The photo above features two of my favorite recipes for fall. Use local, organic ingredients whenever possible. Enjoy!

HARIRA (MOROCCAN CHICKPEA AND LENTIL STEW WITH CHICKEN)                                                                                    

1 ½ tablespoons coconut or olive oil

1 pound boneless skinless chicken thighs, cut into 1-inch pieces

1 onion, chopped

1 stalk celery, chopped

1 carrot, chopped

4 or 5 grinds of black pepper

1/2 teaspoon ground cinnamon

¼ teaspoon ground cumin

1/2 teaspoon ground ginger

1 teaspoons turmeric

1 14.5 ounce can diced tomatoes with the juice

1 ½ teaspoons sea salt

1 c. cooked chickpeas (either make your own from 2 ounces of dried beans or use half of a 14.5 ounce (BPA-free) can, drained and rinsed)

3 cups chicken stock

½ cup dried lentils

¼ cup long-grain brown rice

¼ cup chopped fresh cilantro leaves

¼ cup chopped fresh parsley leaves

1 lemon, cut into wedges

Handful of fresh spinach leaves (optional)

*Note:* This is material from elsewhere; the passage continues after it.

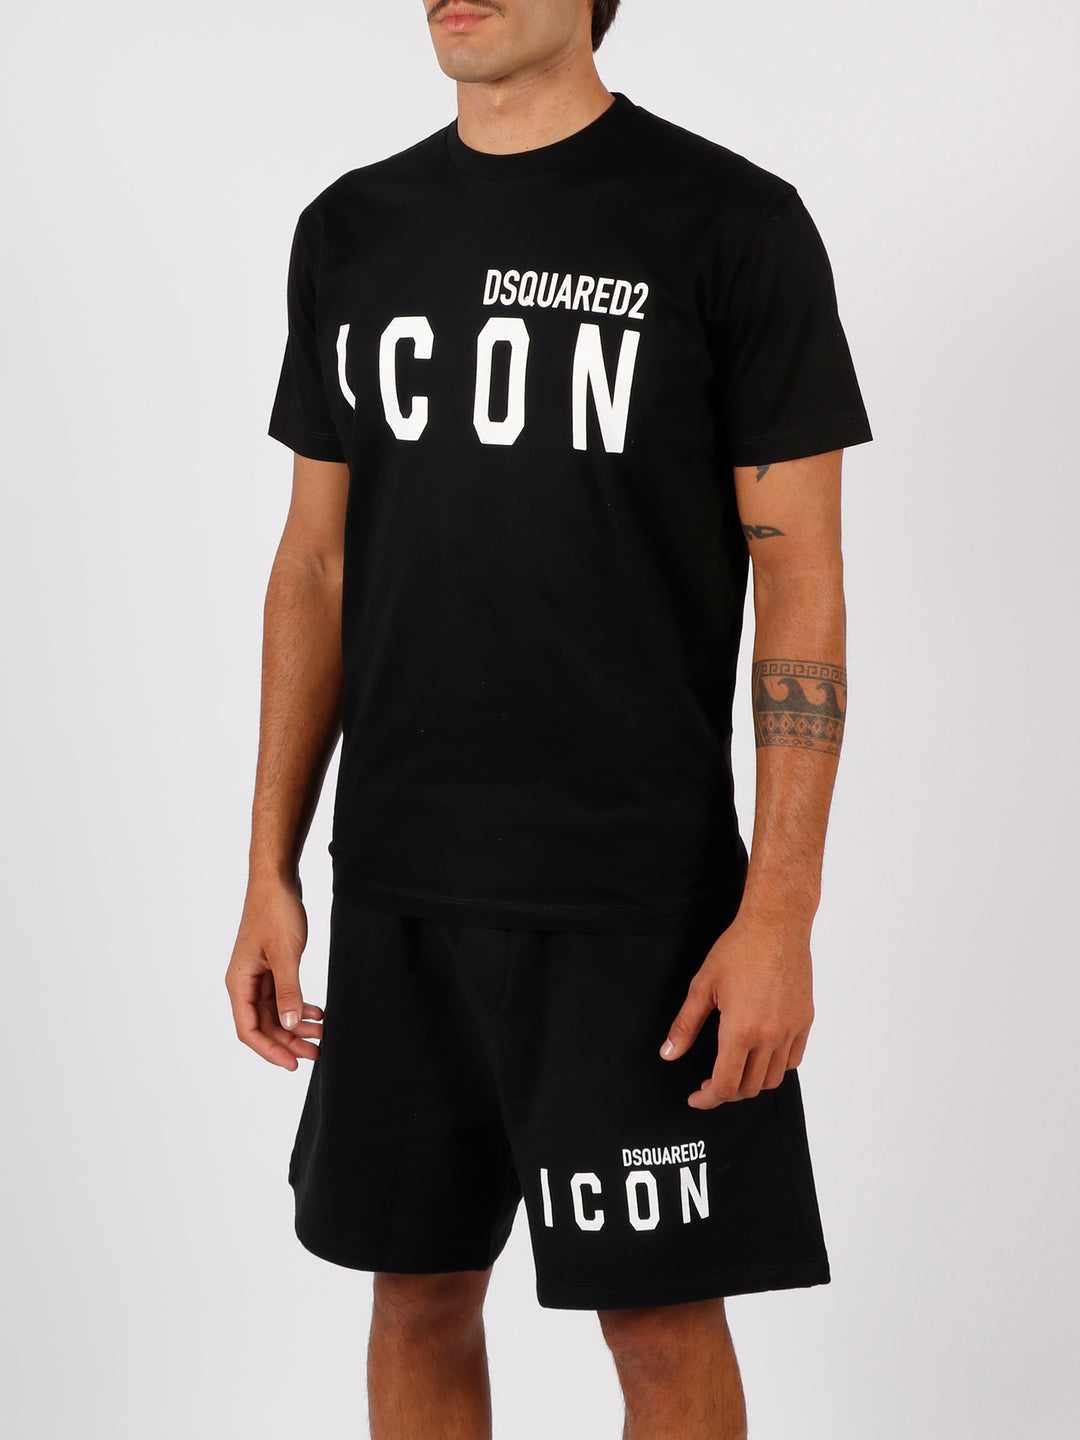 Be icon cool t-shirt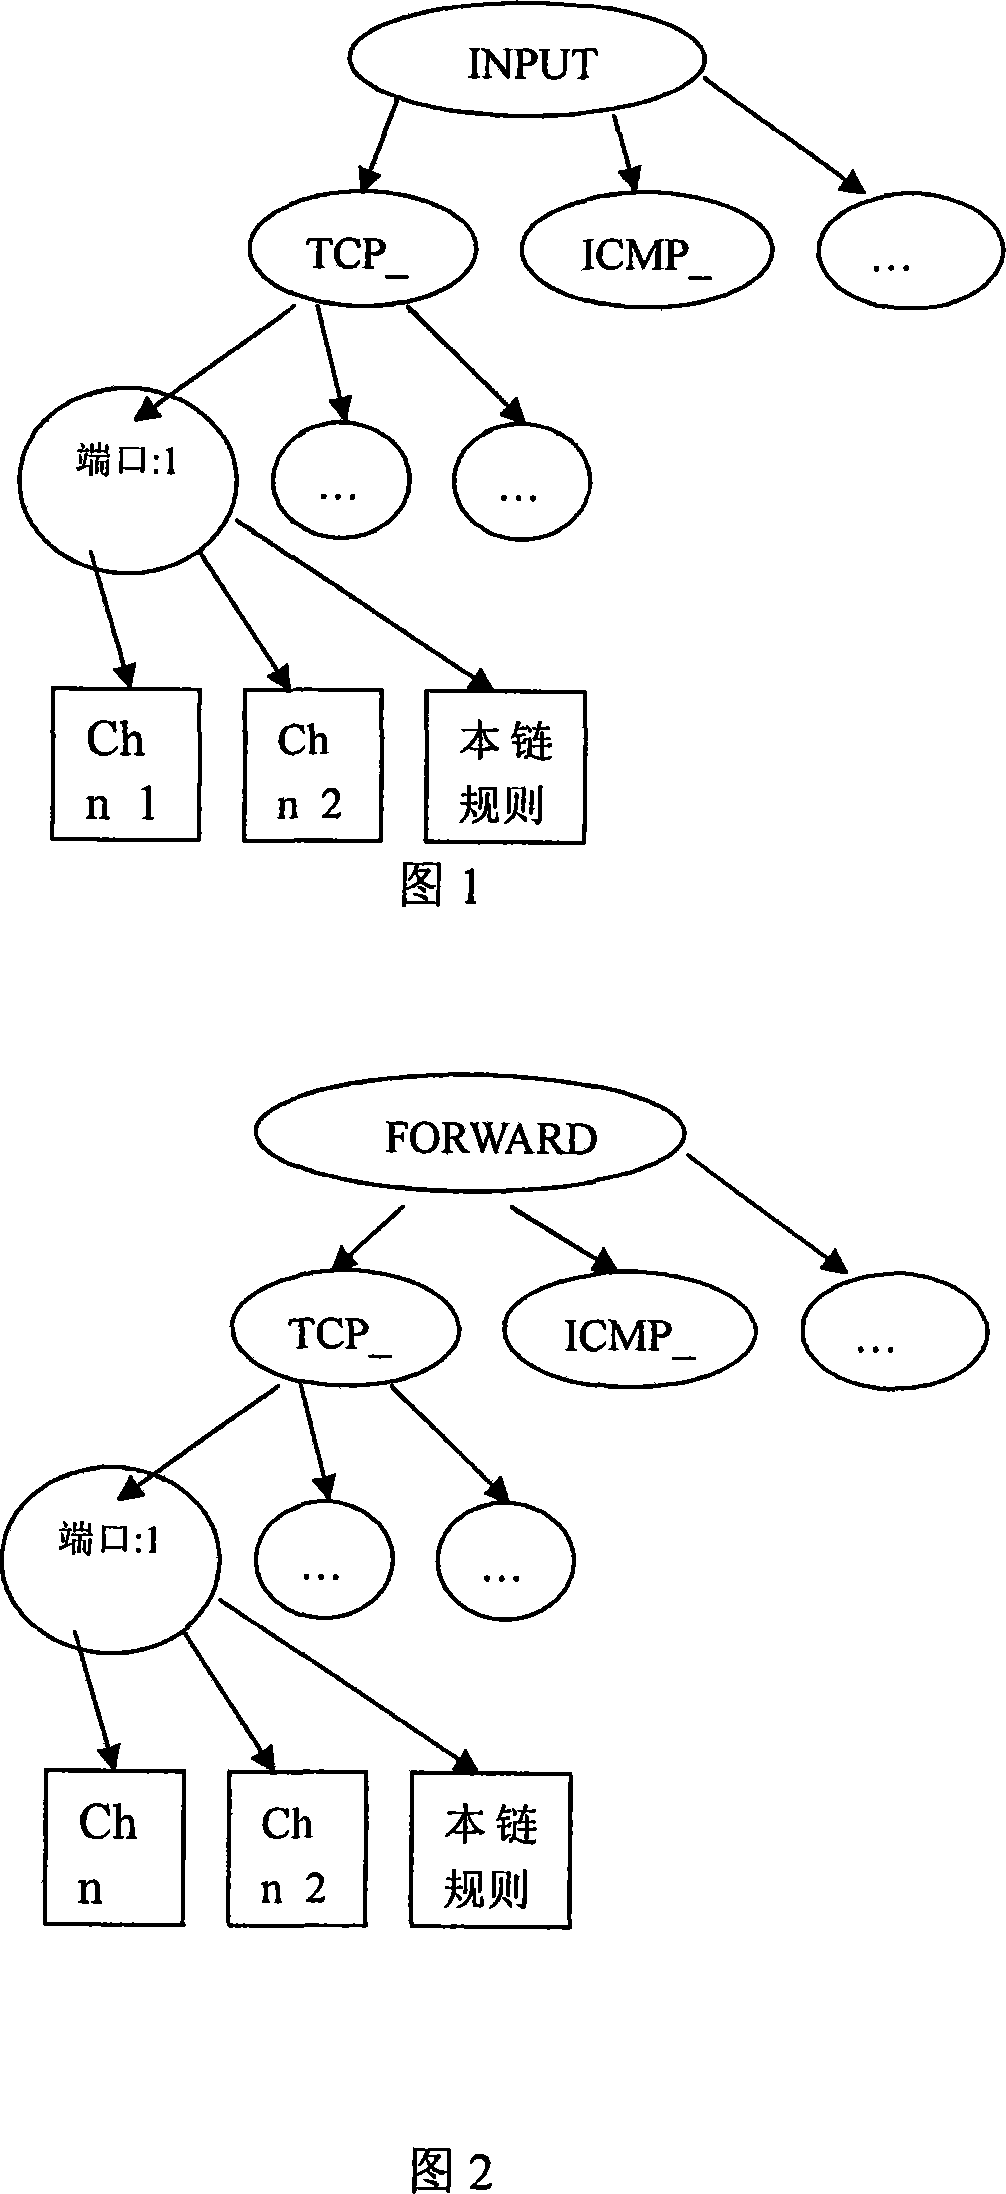 An efficient filtering method for multi-language network data packets

  1. Season the chicken with sea salt and pepper when you bring it home from the market or as early as possible.
  2. Take the chicken out of the refrigerator about 45 minutes before cooking.  Heat the oil in a medium stockpot and add the chicken in 2 batches, cooking until browned on both sides.  Remove the chicken from the pot and set aside.
  3. Add the onion, celery and carrot and cook until softened.  Add the black pepper, cinnamon, cumin, ginger, and turmeric and cook for 1 minute, stirring constantly to prevent scorching.  Add the tomatoes with the juice and 1 ½ teaspoons sea salt.  Cook until fragrant.
  4. Return the chicken to the pan with any accumulated juices.  Add the stock, lentils and brown rice and bring to a boil.   Reduce heat to low and simmer, covered for 50 minutes.
  5. Add the chick peas, cilantro and parsley and cook uncovered for 5 minutes or until chick peas are heated through.  Add additional stock if you want it thinner.  Stir in spinach leaves, if using.  Serve with a wedge of lemon for squeezing over each portion.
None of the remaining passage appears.